= Telecommunications Hall of Fame =

Canada's Telecommunications Hall of Fame was a Canadian not-for-profit foundation that sought to foster a greater awareness of Canada's role in developing and innovating telecommunications. The foundation began operating in 2005 and had two main programs - an education and outreach program, and a laureate program, which honours historically important figures in the field.
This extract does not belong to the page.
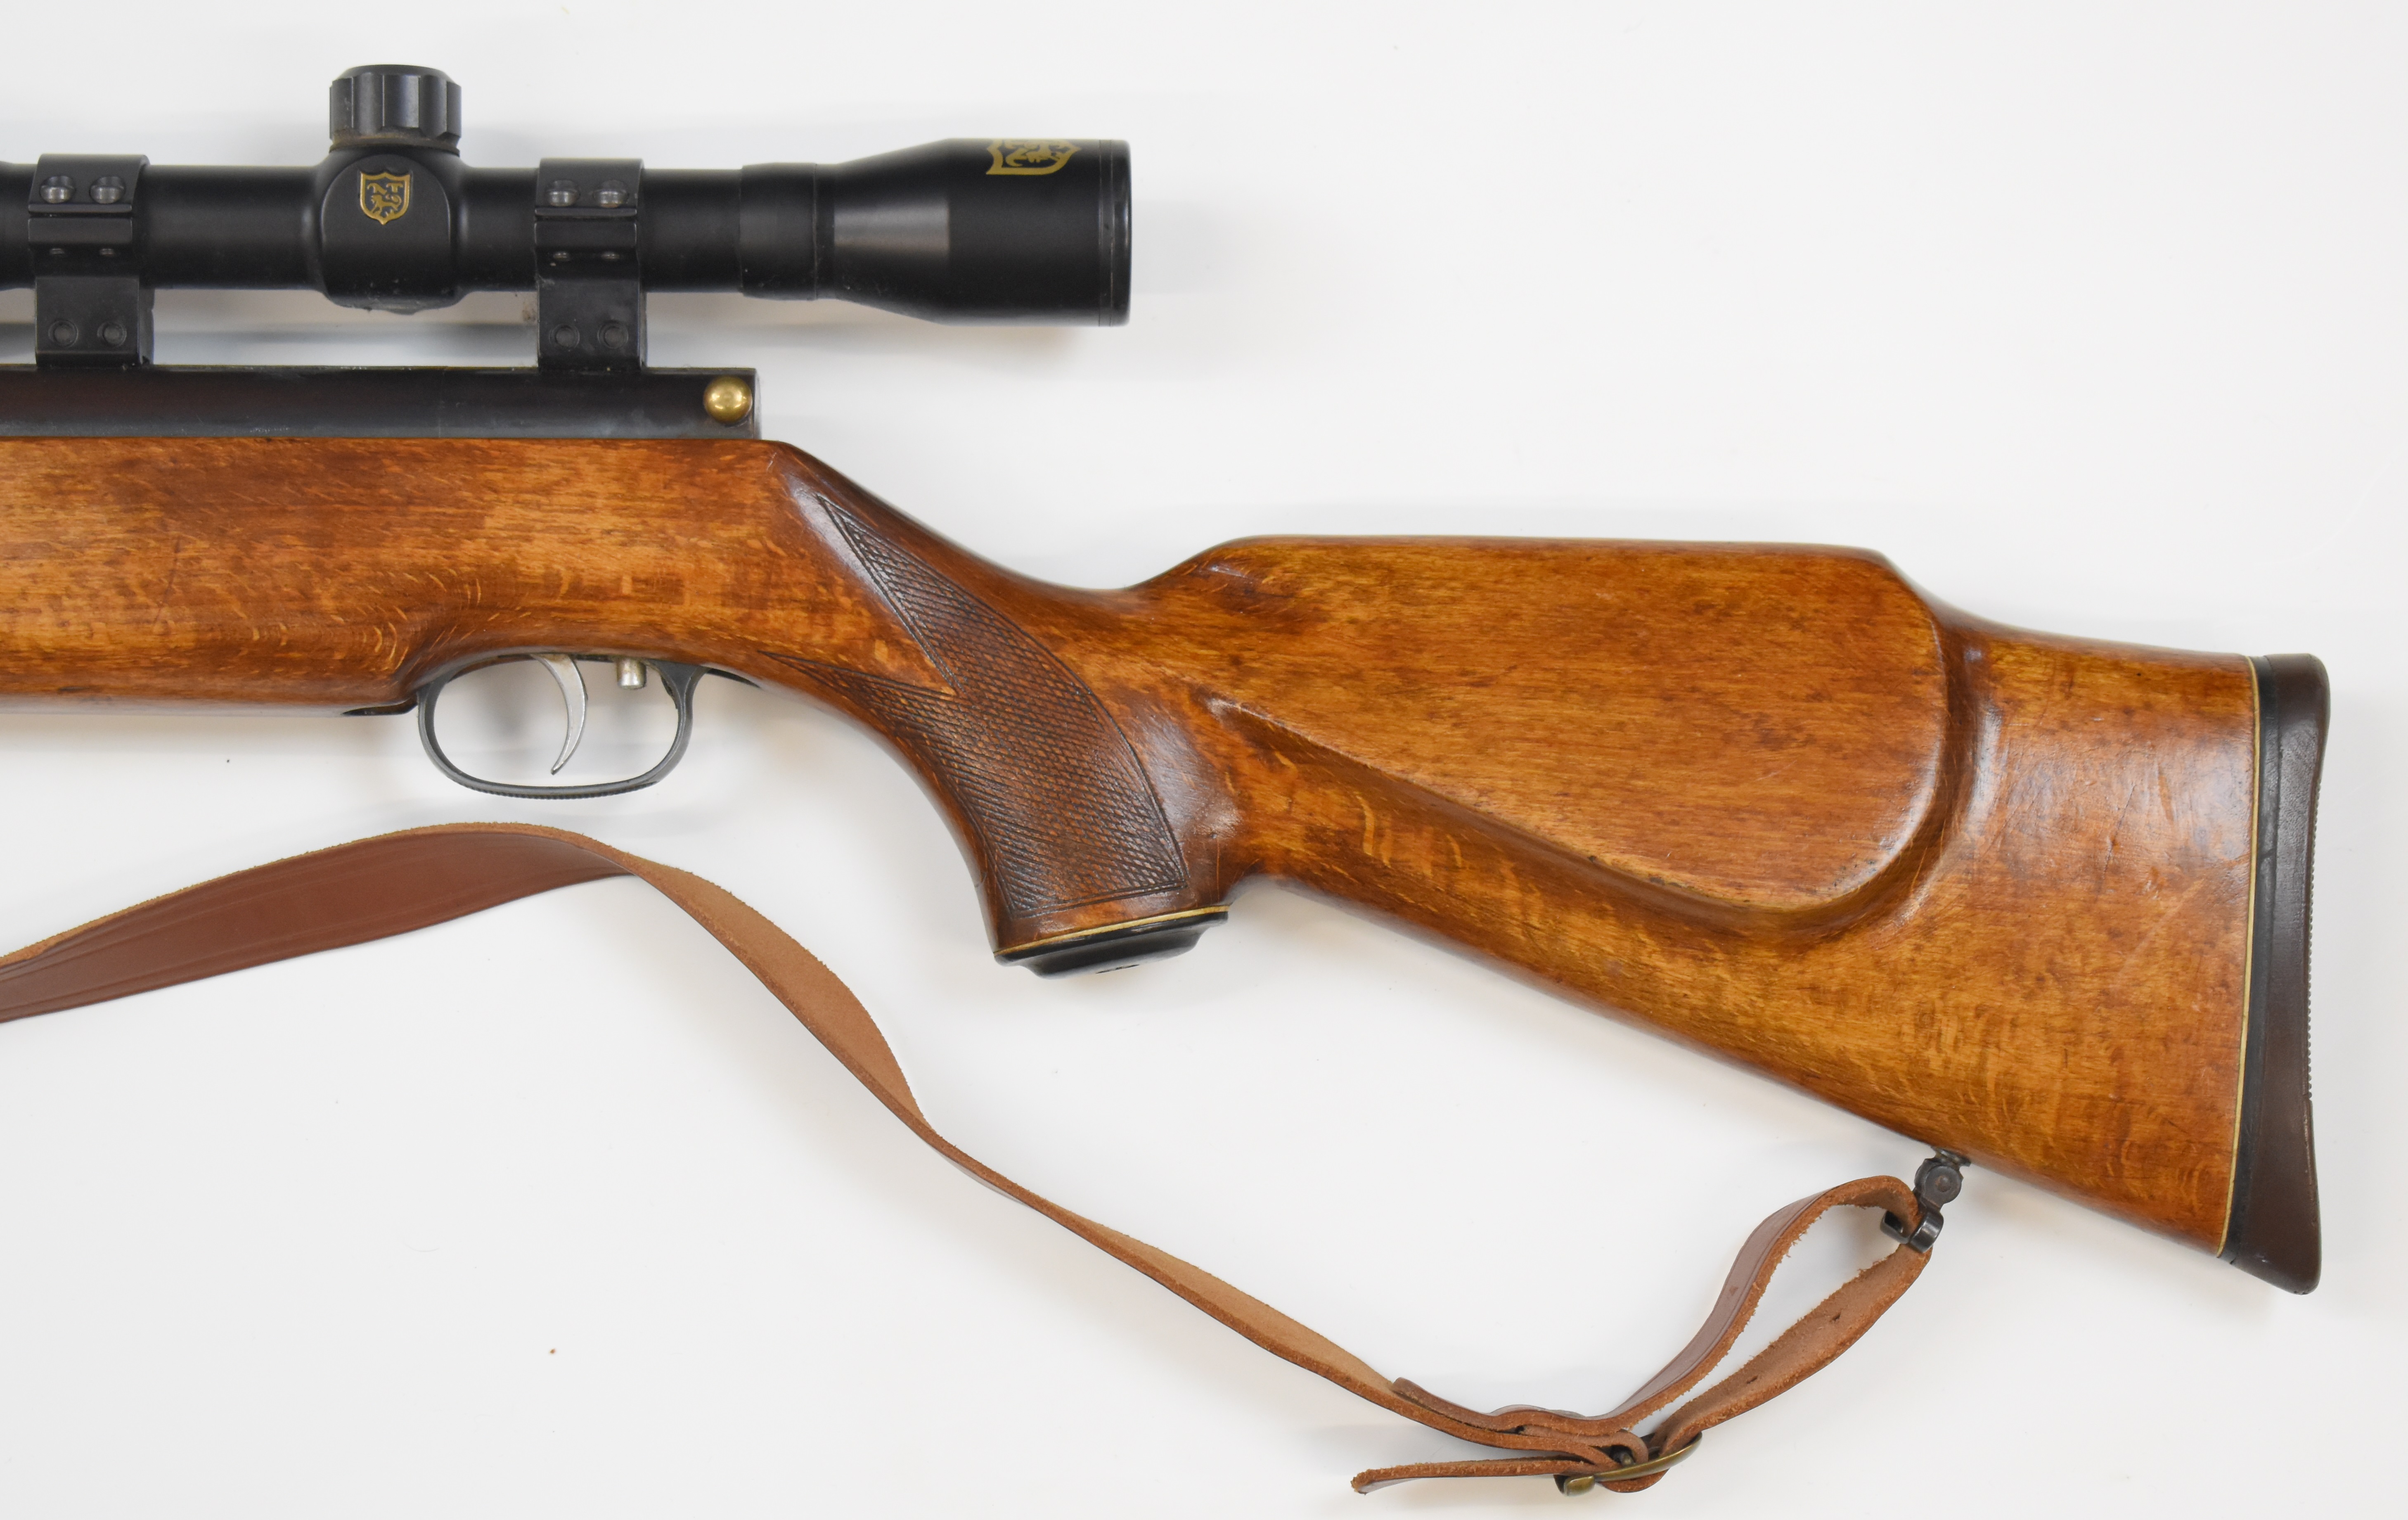 Weirauch HW77 .22 underlever air rifle with chequered semi-pistol grip, raised cheek piece, - Image 7 of 9

Their stated mission was "To celebrate and honour the career achievements of those who have contributed significantly to the proud legacy of Canadian Telecommunications through our Telecom Laureates Program, and to advance education and public awareness of Canada's telecommunications history and heritage through our Education and Outreach program."

Laureates were inducted annually at the Telecom Laureate Awards ceremonies and Gala Dinners. The operation and funding of the Hall of Fame was the work of two non-profit corporations, including a federally-registered charitable foundation. The federal foundation was dissolved in 2016, although a non-profit corporation registered in the province of Ontario remains active. The last Gala Awards event was held in 2011.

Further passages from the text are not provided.